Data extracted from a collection
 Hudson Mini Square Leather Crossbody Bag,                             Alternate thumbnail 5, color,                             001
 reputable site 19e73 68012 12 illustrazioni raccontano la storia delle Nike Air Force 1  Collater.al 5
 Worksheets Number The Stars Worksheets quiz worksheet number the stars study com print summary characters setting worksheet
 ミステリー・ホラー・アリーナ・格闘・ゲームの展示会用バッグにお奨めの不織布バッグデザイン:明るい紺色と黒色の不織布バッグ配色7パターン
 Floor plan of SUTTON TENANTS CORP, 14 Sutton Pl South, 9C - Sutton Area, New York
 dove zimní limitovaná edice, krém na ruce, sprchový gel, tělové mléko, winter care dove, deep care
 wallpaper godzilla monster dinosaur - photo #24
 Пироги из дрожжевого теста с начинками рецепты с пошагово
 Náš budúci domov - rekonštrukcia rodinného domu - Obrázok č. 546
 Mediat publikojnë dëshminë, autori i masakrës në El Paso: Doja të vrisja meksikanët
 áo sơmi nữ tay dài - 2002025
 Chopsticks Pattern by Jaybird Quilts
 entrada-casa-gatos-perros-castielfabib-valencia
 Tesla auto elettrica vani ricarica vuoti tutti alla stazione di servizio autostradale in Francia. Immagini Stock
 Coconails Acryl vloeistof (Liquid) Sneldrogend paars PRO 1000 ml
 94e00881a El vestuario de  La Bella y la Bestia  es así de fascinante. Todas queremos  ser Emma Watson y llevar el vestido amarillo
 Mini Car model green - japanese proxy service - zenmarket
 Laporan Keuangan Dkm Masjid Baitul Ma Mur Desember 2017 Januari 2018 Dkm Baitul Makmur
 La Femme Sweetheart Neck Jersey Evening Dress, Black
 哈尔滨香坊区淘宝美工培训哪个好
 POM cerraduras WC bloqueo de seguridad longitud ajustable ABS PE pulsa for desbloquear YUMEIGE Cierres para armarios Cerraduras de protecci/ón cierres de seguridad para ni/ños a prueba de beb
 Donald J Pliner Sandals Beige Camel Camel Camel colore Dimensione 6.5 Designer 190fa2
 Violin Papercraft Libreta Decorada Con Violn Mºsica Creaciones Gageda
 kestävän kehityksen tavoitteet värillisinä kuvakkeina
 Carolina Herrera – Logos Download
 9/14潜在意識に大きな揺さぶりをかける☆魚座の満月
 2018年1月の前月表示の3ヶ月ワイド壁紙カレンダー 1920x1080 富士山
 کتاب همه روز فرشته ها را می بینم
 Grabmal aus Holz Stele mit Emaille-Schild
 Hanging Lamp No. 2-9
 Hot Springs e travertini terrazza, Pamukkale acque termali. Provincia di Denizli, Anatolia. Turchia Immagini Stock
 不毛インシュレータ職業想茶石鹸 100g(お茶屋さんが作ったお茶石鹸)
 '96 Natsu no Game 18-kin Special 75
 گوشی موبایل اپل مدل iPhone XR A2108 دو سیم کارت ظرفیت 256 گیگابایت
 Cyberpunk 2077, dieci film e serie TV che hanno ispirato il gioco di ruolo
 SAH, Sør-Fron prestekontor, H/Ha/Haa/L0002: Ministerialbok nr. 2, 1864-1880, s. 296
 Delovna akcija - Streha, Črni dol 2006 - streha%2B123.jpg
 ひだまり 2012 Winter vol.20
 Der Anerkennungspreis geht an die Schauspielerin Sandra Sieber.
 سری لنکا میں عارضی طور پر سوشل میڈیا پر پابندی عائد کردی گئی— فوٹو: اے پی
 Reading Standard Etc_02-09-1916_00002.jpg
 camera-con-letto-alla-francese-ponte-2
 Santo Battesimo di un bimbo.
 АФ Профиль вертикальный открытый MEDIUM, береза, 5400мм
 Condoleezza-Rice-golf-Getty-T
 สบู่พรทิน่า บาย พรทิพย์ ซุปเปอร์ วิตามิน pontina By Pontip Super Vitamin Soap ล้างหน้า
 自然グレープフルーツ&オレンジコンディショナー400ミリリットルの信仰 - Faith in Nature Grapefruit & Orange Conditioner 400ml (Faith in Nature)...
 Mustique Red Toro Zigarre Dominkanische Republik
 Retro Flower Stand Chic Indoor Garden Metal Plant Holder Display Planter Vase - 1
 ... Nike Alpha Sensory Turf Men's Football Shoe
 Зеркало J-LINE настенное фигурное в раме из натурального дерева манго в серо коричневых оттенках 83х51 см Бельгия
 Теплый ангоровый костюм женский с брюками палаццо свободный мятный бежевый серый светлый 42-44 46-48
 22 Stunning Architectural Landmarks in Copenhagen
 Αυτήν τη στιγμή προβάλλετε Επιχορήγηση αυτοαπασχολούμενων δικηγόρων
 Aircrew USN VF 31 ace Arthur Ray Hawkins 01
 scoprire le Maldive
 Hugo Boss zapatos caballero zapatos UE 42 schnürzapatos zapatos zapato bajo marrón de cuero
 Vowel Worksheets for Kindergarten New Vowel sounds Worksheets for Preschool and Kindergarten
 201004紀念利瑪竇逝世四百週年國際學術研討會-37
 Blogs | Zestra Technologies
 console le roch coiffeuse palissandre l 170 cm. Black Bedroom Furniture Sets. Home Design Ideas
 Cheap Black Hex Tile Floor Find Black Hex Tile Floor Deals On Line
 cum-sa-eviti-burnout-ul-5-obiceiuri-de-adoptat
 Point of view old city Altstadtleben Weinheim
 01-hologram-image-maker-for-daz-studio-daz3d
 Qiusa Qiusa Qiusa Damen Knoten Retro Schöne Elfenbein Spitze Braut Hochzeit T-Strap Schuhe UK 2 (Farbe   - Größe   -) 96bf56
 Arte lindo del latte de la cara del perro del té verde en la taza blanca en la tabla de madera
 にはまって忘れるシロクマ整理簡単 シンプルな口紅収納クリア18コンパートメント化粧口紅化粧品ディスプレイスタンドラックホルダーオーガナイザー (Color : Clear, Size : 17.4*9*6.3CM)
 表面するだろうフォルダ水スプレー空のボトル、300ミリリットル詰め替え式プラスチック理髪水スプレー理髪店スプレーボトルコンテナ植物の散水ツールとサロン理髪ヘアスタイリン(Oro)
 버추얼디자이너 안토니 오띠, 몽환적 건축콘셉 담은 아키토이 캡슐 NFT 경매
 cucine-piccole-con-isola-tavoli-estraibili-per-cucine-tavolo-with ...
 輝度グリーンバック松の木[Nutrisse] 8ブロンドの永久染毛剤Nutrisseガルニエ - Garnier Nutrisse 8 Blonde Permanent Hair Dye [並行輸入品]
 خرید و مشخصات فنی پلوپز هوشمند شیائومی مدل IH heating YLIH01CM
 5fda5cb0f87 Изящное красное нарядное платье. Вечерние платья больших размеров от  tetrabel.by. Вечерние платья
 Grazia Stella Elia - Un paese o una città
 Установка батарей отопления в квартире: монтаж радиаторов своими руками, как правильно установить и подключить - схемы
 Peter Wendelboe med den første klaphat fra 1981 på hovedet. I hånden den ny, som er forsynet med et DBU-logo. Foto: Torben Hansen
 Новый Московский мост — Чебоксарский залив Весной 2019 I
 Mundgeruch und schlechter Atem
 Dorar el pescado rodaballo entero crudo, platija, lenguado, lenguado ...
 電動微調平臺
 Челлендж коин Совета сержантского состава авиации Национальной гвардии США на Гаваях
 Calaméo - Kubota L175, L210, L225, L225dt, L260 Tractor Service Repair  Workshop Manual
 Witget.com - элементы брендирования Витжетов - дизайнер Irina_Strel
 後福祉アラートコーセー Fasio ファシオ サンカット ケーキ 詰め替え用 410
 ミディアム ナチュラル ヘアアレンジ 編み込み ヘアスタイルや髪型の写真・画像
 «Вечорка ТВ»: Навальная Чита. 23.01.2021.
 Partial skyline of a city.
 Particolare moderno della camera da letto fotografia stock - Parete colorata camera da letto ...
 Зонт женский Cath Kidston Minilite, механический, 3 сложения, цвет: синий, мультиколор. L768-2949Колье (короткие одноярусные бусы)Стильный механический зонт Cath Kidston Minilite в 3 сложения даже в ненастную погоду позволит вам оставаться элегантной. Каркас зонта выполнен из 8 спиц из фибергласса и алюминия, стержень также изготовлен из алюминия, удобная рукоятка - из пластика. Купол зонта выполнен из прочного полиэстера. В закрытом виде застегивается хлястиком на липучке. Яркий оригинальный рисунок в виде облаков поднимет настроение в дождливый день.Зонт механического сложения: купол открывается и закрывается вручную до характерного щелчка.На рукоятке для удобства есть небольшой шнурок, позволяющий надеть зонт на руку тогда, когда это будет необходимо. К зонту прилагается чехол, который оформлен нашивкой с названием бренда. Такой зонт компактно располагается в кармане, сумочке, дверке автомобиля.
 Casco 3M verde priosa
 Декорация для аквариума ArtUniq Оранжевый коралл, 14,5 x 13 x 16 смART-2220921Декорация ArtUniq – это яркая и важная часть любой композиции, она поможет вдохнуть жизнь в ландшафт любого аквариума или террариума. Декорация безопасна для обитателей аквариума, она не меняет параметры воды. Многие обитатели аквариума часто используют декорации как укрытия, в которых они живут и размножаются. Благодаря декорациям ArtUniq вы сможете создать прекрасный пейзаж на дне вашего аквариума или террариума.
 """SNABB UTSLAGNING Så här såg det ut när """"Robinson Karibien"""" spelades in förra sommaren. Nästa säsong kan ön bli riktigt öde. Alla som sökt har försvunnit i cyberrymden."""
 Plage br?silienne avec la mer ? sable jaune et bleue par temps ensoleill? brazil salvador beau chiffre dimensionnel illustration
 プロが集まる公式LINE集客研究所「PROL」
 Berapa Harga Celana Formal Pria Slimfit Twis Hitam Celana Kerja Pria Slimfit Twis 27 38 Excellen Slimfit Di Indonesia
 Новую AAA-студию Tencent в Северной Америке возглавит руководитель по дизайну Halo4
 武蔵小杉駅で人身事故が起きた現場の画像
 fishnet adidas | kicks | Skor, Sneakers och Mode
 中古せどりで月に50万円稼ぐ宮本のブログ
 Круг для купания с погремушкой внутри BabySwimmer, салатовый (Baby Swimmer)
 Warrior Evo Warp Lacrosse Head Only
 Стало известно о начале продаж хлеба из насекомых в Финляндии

▶ TASK PROMPT
Read through the entries above and copy each line that has the string "Retro" in it.

▶ OUTPUT FOR THIS TASK
 Retro Flower Stand Chic Indoor Garden Metal Plant Holder Display Planter Vase - 1
 Qiusa Qiusa Qiusa Damen Knoten Retro Schöne Elfenbein Spitze Braut Hochzeit T-Strap Schuhe UK 2 (Farbe   - Größe   -) 96bf56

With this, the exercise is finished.